For the upcoming model year we will see two models make their way onto the market to give us driving range of nearly 200 miles at the price of around $30,000 after the federal tax credit. These new products are the Chevrolet Bolt and the Tesla Model 3 which will be ready to go for 2017 and so far we haven’t heard any changes that are planned for the Leaf. Even though Nissan appears to be working on longer range batteries, they are nowhere near the range numbers of 200 miles, which puts them behind in development for now.

What Nissan has presented is a new concept that is expected to have better range, but the battery announced to be in the new IDS concept is the same size that is being put in the Chevrolet Bolt which is a 60 kWh capacity battery. This indicates their understanding of how important range can be in this category, but is also a way for them to downplay its importance when it comes to EV driving. This certainly won’t play for long as the two 200 mile models creep ever closer.

Chevrolet chose the 200 mile range as a way to keep drivers from feeling they need to worry about the range left on their car. For those cars that have less than 100 miles of range from a full charge it seems many owners spend most of their time looking for that next charge and where they can plug in. While the Bolt is ready to go it will have direct completion for the Tesla Model 3 which will be similarly priced but offer a sportier build in a small sports sedan which might be enough to make it the top selling car in the category after only a few years.
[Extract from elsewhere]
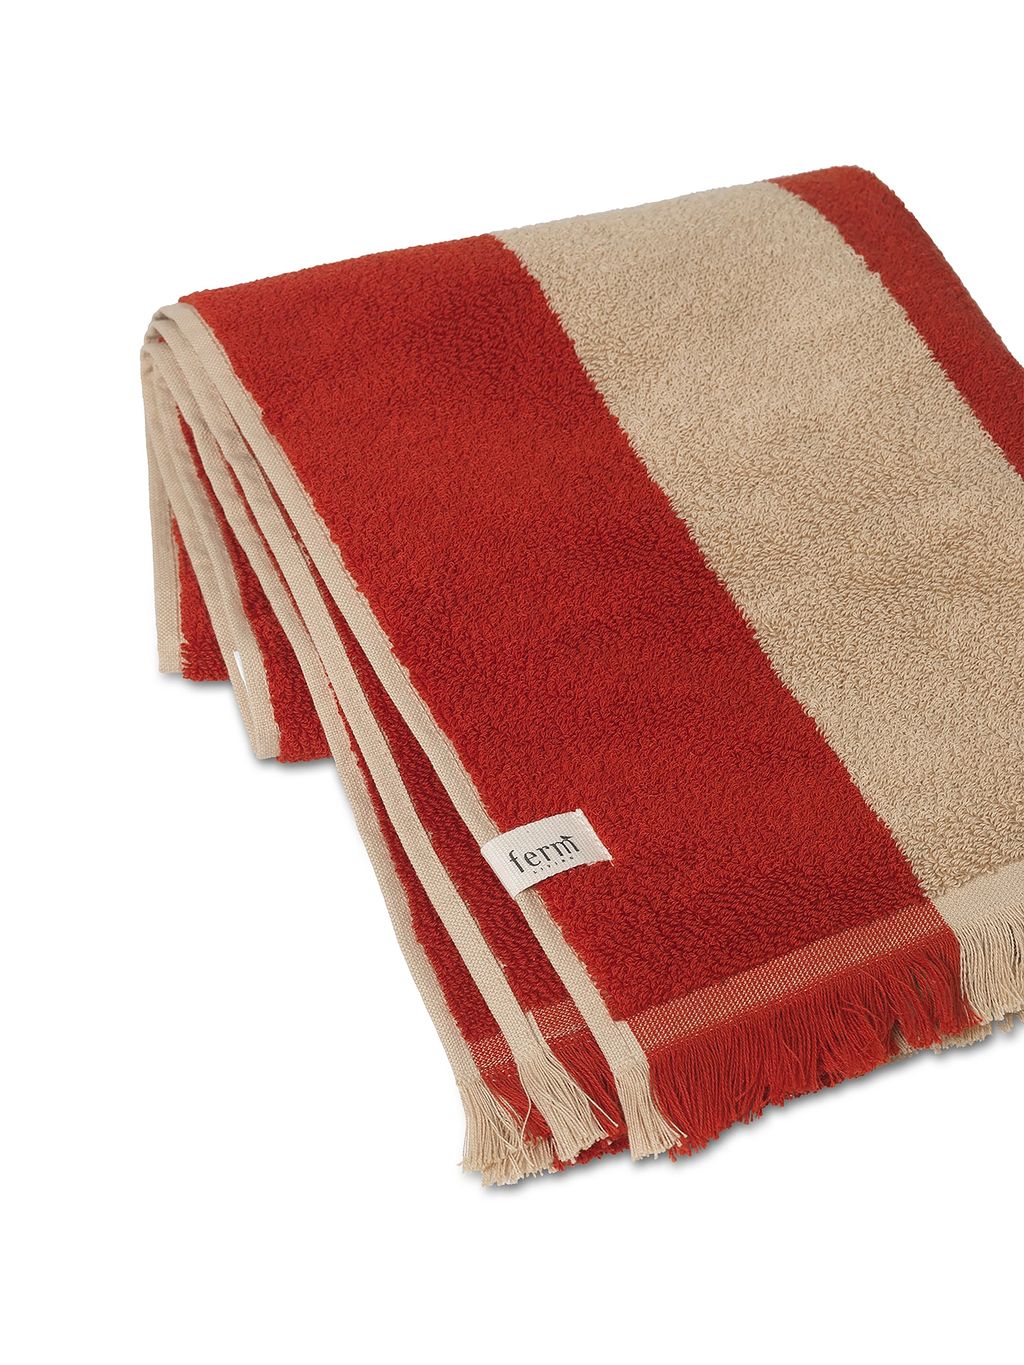 Ferm Living Alee Towel 50x100 Cm, Light Camel/Red

BMW has weighed in on the topic stating most drivers only travel about 36 miles per day and if they want to be able to go for longer trips they should look to the i3 with the range extending gasoline engine, but then we are back in the gasoline mode, which we are trying to get away from. This makes it sound like BMW doesn’t really have a grasp of the reality desired, which is to have an EV that can handle all the driving needs of a consumer.
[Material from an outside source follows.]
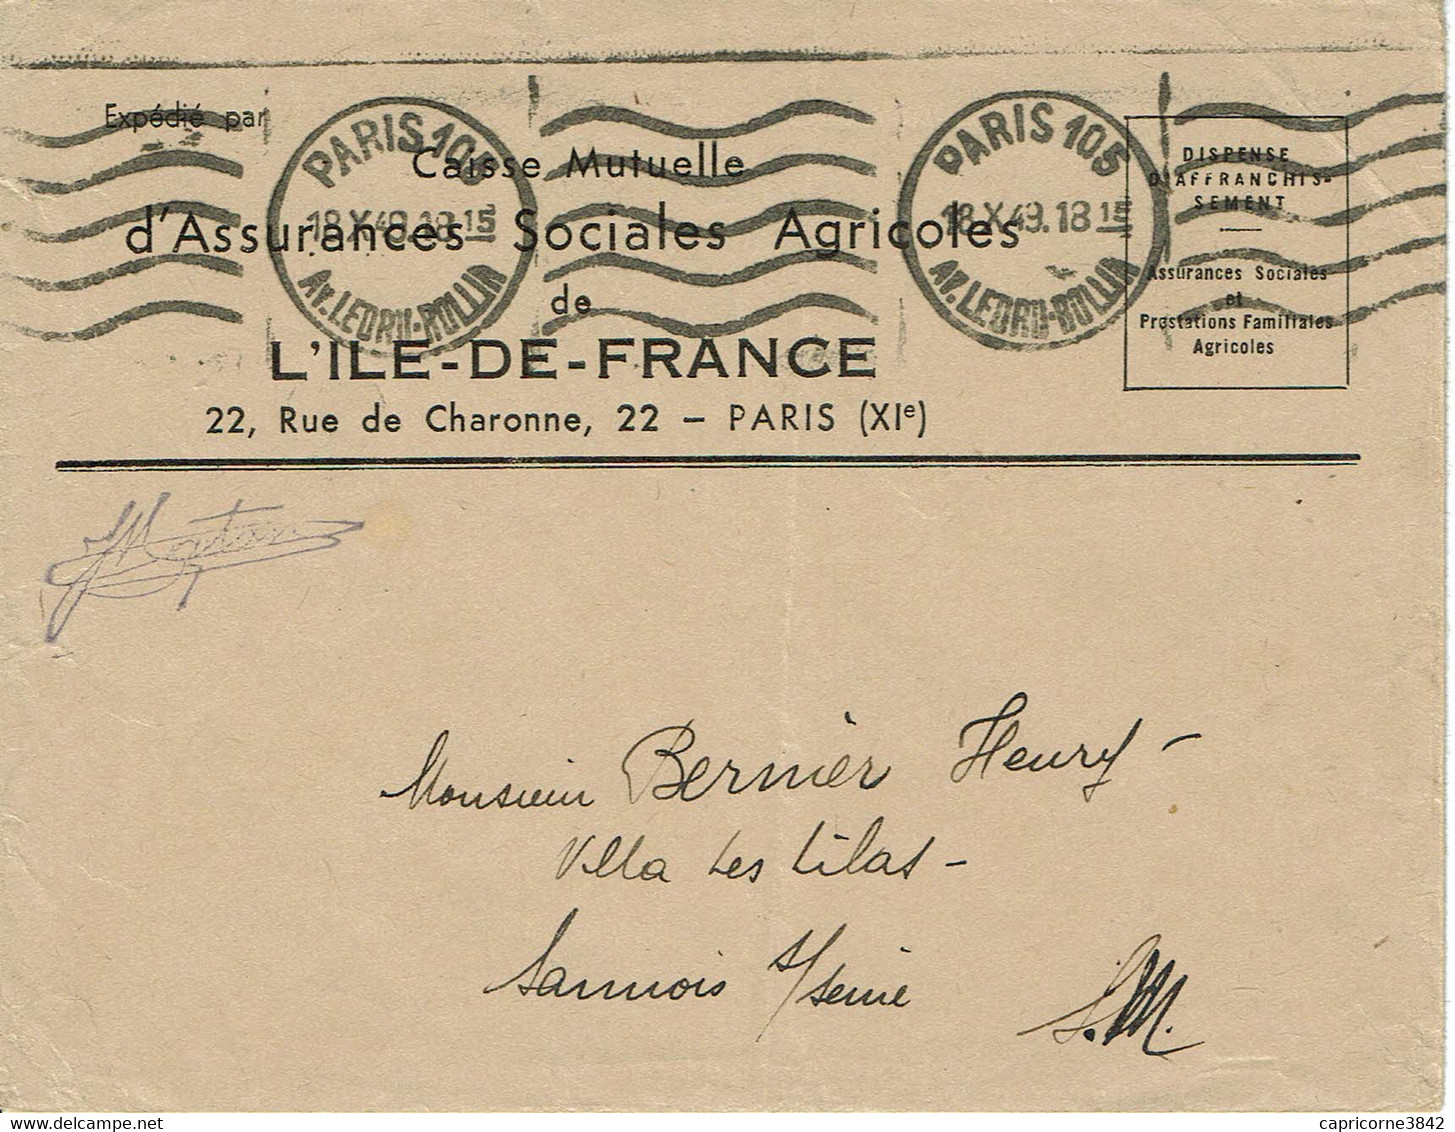 1943 - Lettre En Franchise Postale De La Caisse Mutuelle D'Assurances Sociales Agricoles - Oblit. Machine KRAG - Civil Frank Covers

What will make it so we can truly enjoy an EV? Not only do we need a range that at least matches what a gasoline engine can do, we need to have a series of electric fill up stations along the way that can charge these batteries to a full charge in fifteen minutes or less. What am I suggesting? Until the EV stop and fill up along with the range can match that of a car that has a gasoline engine we are fooling ourselves if we thing EVs will be the future and take over the market. There may be some areas where an EV makes sense over a gasoline engine, but for the most part these examples are very few and far between right now.